The process of crossing plants to produce desirable traits. In what has become the backbone of the cannabis industry, breeding and the terminology that surrounds it warrant a closer look to inform consumers.
“Breeding cannabis is a long, iterative process.”
“The strain Cali-O is used as breeding stock for many citrus-tasting strains.”
More about breeding
To understand breeding, knowing the mechanics of plant reproduction is necessary. Cannabis has a diploid genome, meaning that it has two copies of each chromosome, where genes are found. During breeding, a male and female plant are crossed with each other allowing each to contribute genetic information to their offspring.
One copy of each parent plant's chromosome is supplied by that plant's sex cell — pollen in male cannabis plants and ovule in female cannabis plants. These cells combine during reproduction, mixing genes from one parent's chromosome to areas on the other parent's chromosome in a process called recombination.
The recombination of genetic material from each parent plant during breeding is highly favorable for the fitness of future generations. It allows for genetic material to become clustered in one area on the chromosome, which in turn makes it easier for these traits to be selected for, or removed in future offspring.
This potential to increase beneficial traits that support the organism's survival makes breeding advantageous for the longevity and health of a lineage, which may result in a better-adapted cultivar, or strain.
Why is breeding useful?
This complex interplay of selection for desirable traits requires a great deal of time, effort, and resources by the breeder. Cannabis breeding as practiced today began in the 1970s. From the outset, one of the main goals of breeding was to increase the potency of cannabis, which started at out merely 3 -5% of THC by mass. Cannabis potency has steadily increased to 17-25% ine modern strains, but other traits have been harder to acquire. Modern breeders seek unique aroma to make their product stand out among the competition. T]raits that favor resistance to pests are sought as mold and insects adapt to feeding on cannabis.
The iterative process of breeding happens over generations. A plant that has a shorter flowering time but is vulnerable to pests could be crossed with a plant that has reputable resistance to a variety of pests. The first generation of offspring produced from an initial cross between two strains are called F1 hybrids; some may display better pest resistance than others. The plants can then be crossed again with the goal of increasing these traits further, producing a second generation, or F2 hybrids.
This process can be repeated, utilizing the best plants from each generation to selectively fix these traits. A breeder can infer that traits are fixed in their hybrid line after rounds of cross-breeding the best male and female hybrids from each crop when subsequent generations do not differ in presentation of targeted traits seen in earlier generations. At this point, the genetics of the hybrid line are considered stable and should produce plants identical to the stabilized hybrid parents.

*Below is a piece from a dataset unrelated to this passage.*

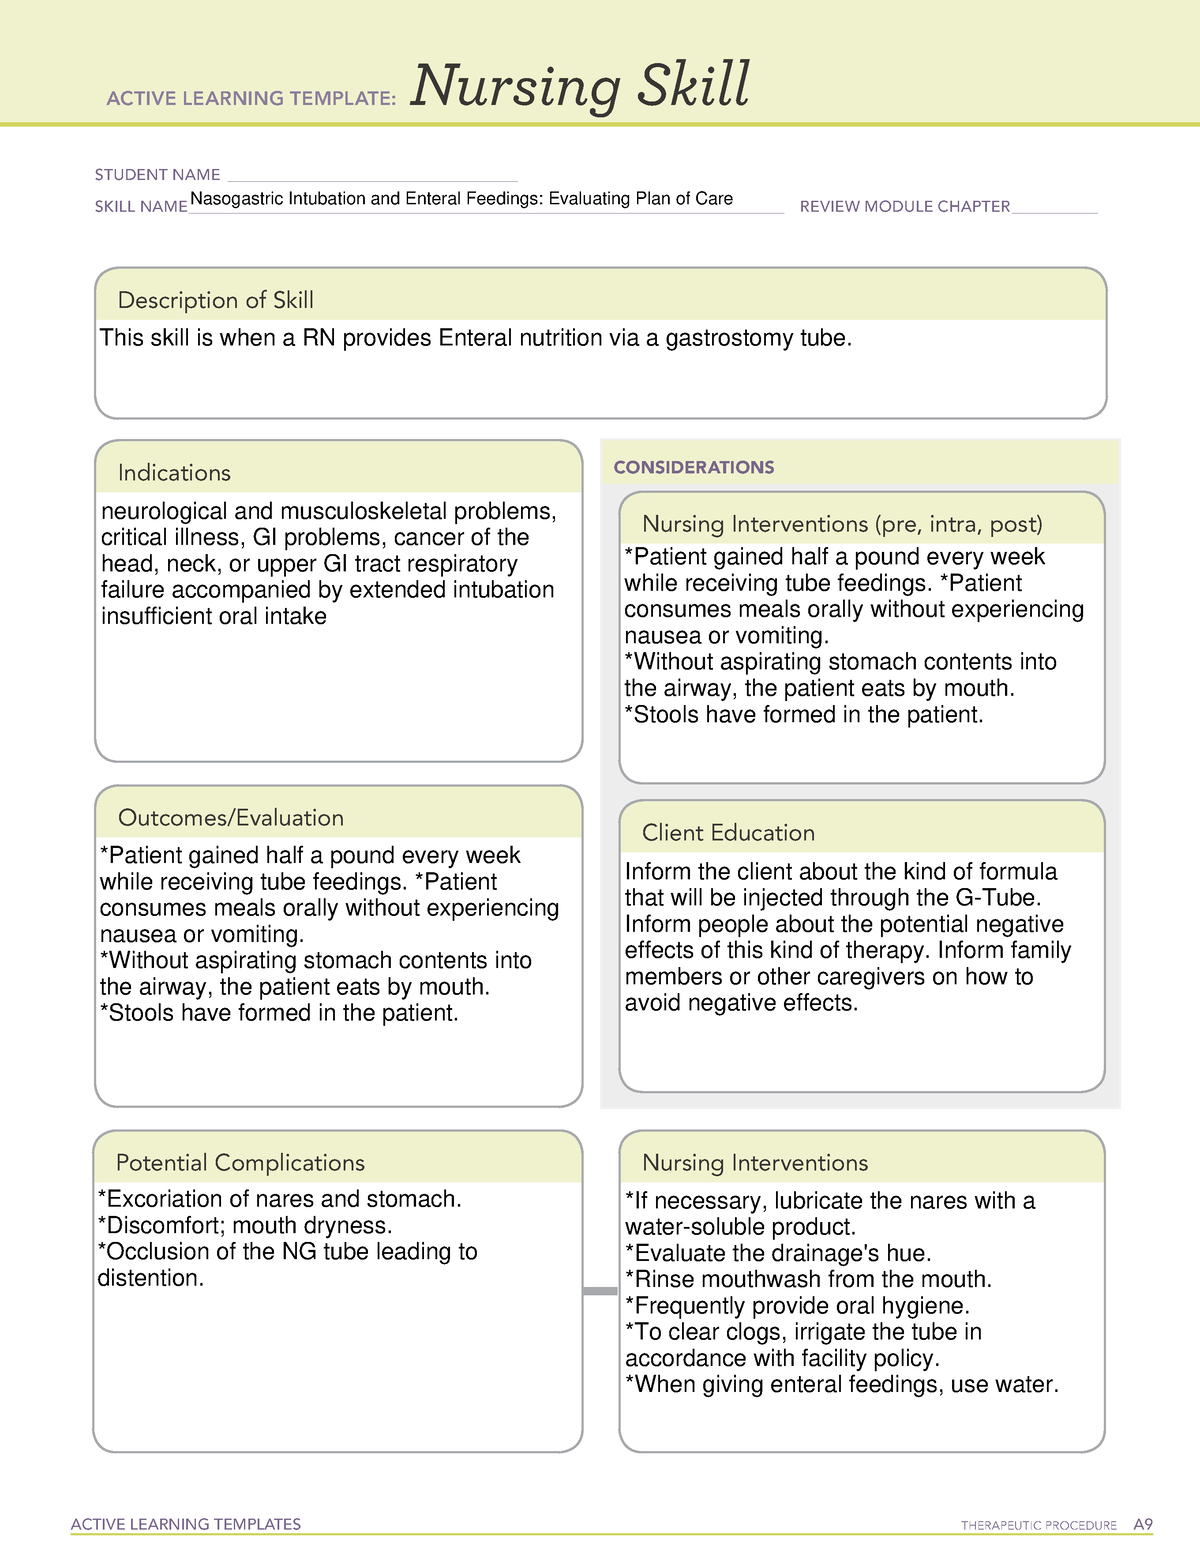 NR446 ALT Nursing Skill - ACTIVE LEARNING TEMPLATES THERAPEUTIC ...

Once genetics have been stabilized in a strain, their seeds can be sold to individuals looking to grow a similar crop. However, these individuals often live in very different climates, which can affect the outcome of the crop. Initially, the seeds are simply grown in the new climate. Of those newly grown plants, the ones that displayed better adaptation to their environmental conditions will be crossed with each other to produce seeds that yield the greatest acclimation to their new environment.
Types of breeding
To align with a grower's goals for the final product, two types of breeding are utilized: inbred lines and hybrid lines.

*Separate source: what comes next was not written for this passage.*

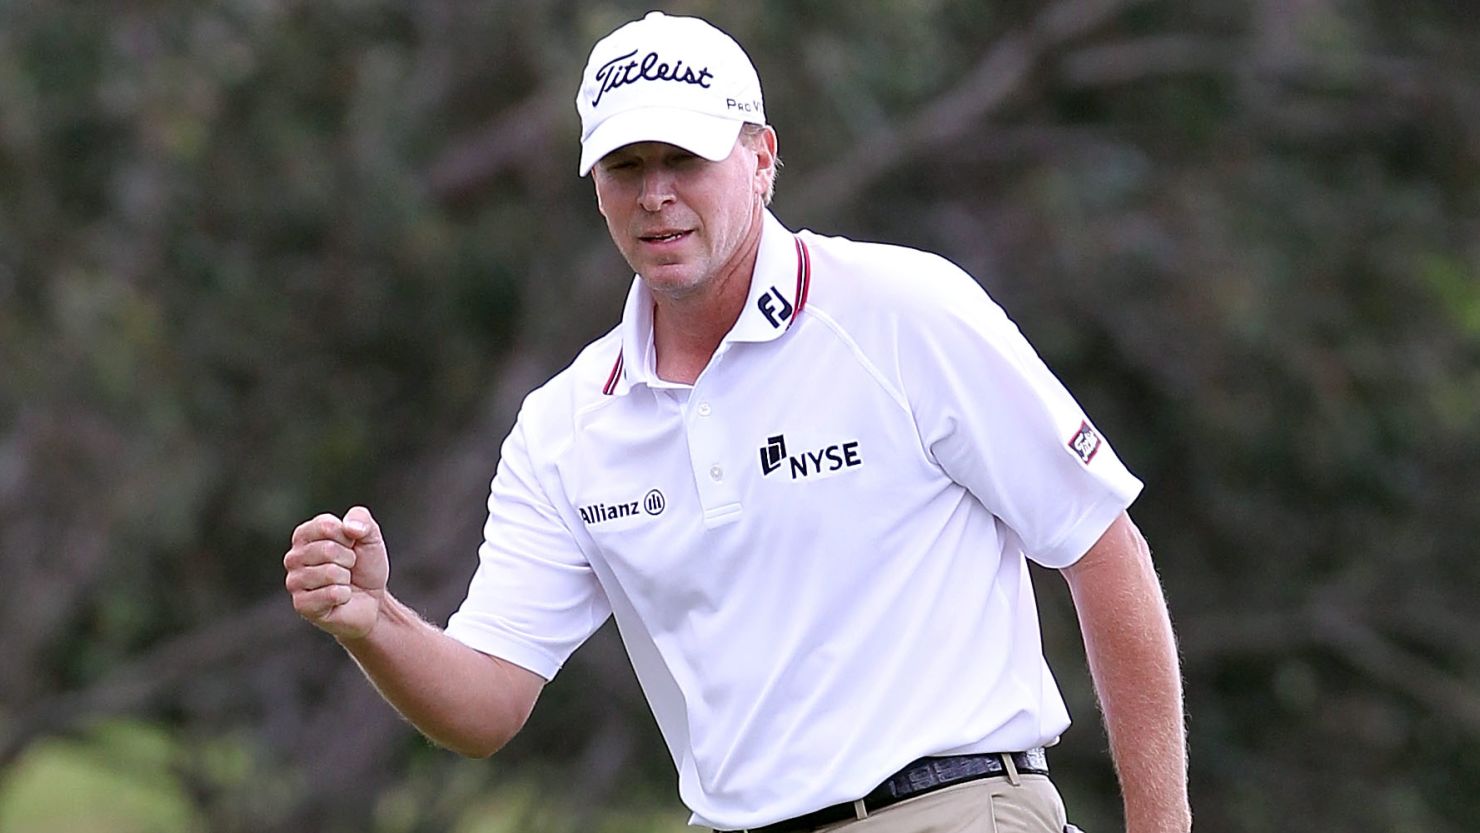 World number five Steve Stricker has now won 12 times on the PGA Tour since turning pro in 1990.

So-called true inbred lines are the result of a large population of plants from the same strain being crossed with one another. This form of breeding homogenizes favorable traits but decreases genetic diversity, as all generations will be related to one another. Selfing, the most extreme form of inbreeding, occurs when a plant pollinates itself, producing offspring with identical genetics.
These methods of inbreeding have little or no recombination, often resulting in the lineages becoming less vigorous over time, the result of which is often referred to colloquially as “stale genetics.” Outbreeding and backcrossing, as explained below, are other types of breeding methods that can reintroduce diversity and vigor to these lines.
Durban Poison, a popular strain available in many dispensaries, is an excellent example of an inbred line with homogenous traits. The characteristically sweet aroma of this strain is well-represented when comparing any two bags or extracts of this strain.
In the case of outbreeding, true inbred lines with favorable traits but markedly less vitality can be crossed with one another to produce a hybrid line. Hybrid lines allow for recombination of vastly different genetic information, which in turn increases genetic diversity and the health of the lineage, a quality often referred to as hybrid vigor. Unfortunately, the F1s may exhibit some of the parents' traits but not to the same degree, or they may showcase new, unwanted traits. Backcrossing, breeding the F1 generation with the parental plants, can be used to strengthen the parental traits in the more diverse hybrids.
Tangie is another popular, widely available strain that is an example of a hybrid line. Bred from a cross of Cali-O and Skunk by Crockett Family Farms, this strain is widely sold by the seed company DNA Genetics. Growers who purchase these seeds often note the wide variety of phenotypic traits, such as varying heights and leaf shapes, resulting from one bag of seeds that all share the same Tangie genotype. Despite their differences, the characteristic tangerine aroma will be common to all of these plants.